Становой навязался ночевать. Делать было нечего. Но весь праздник был испорчен. Хорошо еще, что Иван Иванович Пучеглазов одержим был неистовой картежной страстью. Кстати сказать, за неуплату карточного долга он и был в свое время судом чести удален из полка. Зная эту его страстишку, Шатров тотчас же составил картежную четверку: пока что в "железку", а там, если незваный гость изъявит желание, то и в "двадцать одно". В богатых домах Пучеглазов любил играть только в азартные игры и что-то никогда не проигрывал!
В четверку эту кроме пристава вошли: сам хозяин, лесничий и писарь Кедров.
Арсений Тихонович с трудом сдержался, чтобы не объясниться с Матвеем насчет злополучной листовки. И все же сдержался: не время было теперь подымать такой большой и, может быть, даже страшный, роковой для их дальнейших отношений с Матвеем разговор.
Перемолвиться наедине с Матвеем ему, хозяину, было легко и просто. Укоров по поводу содержания листовки не высказал никаких. Только предостерег.
Кедров встревожился:
- Да! По-видимому, и впрямь на моем следу, старая ищея! Досадно: должностью сей я, признаться, дорожу... Не вовремя. Ужасно как не вовремя!
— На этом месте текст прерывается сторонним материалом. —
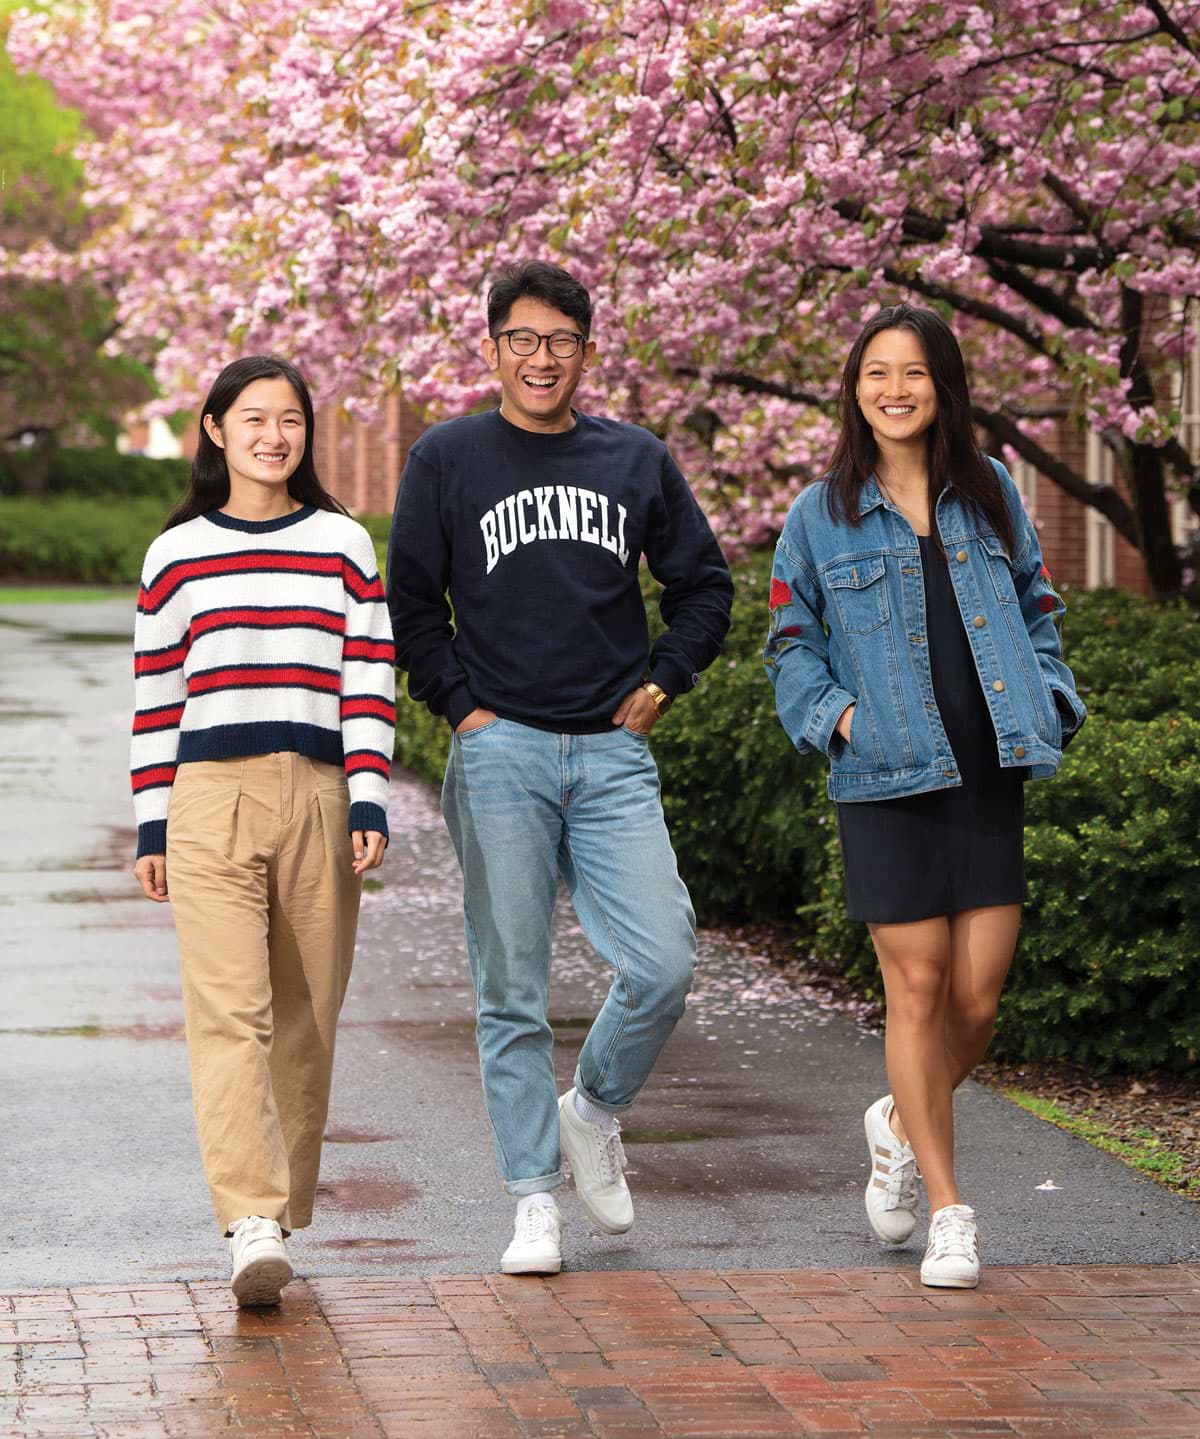 Three of Bucknell’s 135 students from China this spring were, from left, Jiayi “Echo” He ’20, Yuan “Alex” Gao ’19 and Milenna Huang ’22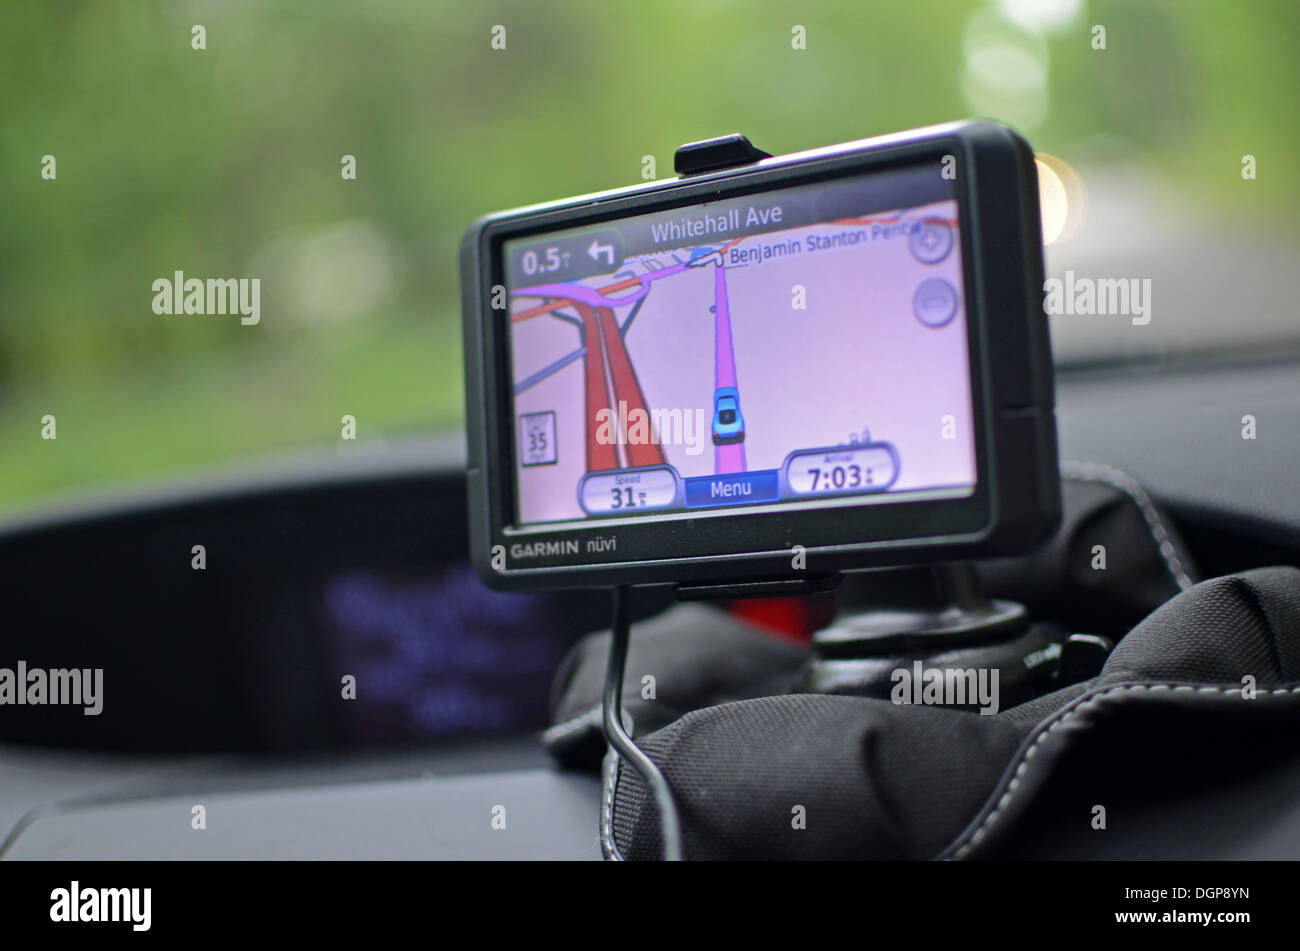 GPS device working inside a car Stock Photo

И - как бывало с ним нередко - странной какой-то усмешкой, и угрюмо-острой, и удалой, прорезал смертный, удушливый мрак сказанных затем слов:
- Могут и "столыпинский галстук", по совокупности, как говорится, деяний, затянуть на шее... Что ж! Примеряли, и не раз: у покойника выбор был большой, только материал все один и тот же - пенька!
Арсений Тихонович невольно содрогнулся:
- Бог с тобой, Матвей! И в шутку бы не смел говорить такое!.. Коснись меня - не до шуток бы мне было!
Кедров с любопытством посмотрел на него, словно бы новое что увидал в лице старого друга.
- Да ну? Неужели бы испугался, дрогнул?! Не верю. Не таким тебя знал!
Арсений Тихонович понял, о чем он, Матвей, этими вот словами напоминает ему, и невольное чувство мужественной гордости за свершенный тогда отчаянно-смелый свой поступок в который раз поднялось в его сердце!
И в то же время захотелось объяснить Матвею, что не трусость, нет, а, как бы это сказать, теперешняя его жизнь - могучая, в полном расцвете сил, зрелости, - жизнь, приблизившая к нему вожделенное воплощение его заветных мечтаний, - она, конечно, дороже ему сейчас, чем тогда.
Он и сказал это Кедрову. А закончил так:
- Ты понимаешь, трагедия моя в том, что умри я сейчас - рухнет все, все рухнет, мной созданное, на что я всю жизнь свою, и волю, и ум кладу! Ведь знаешь же ты скорбь мою: что нету мне, что не взрастил я себе наследника крепкого!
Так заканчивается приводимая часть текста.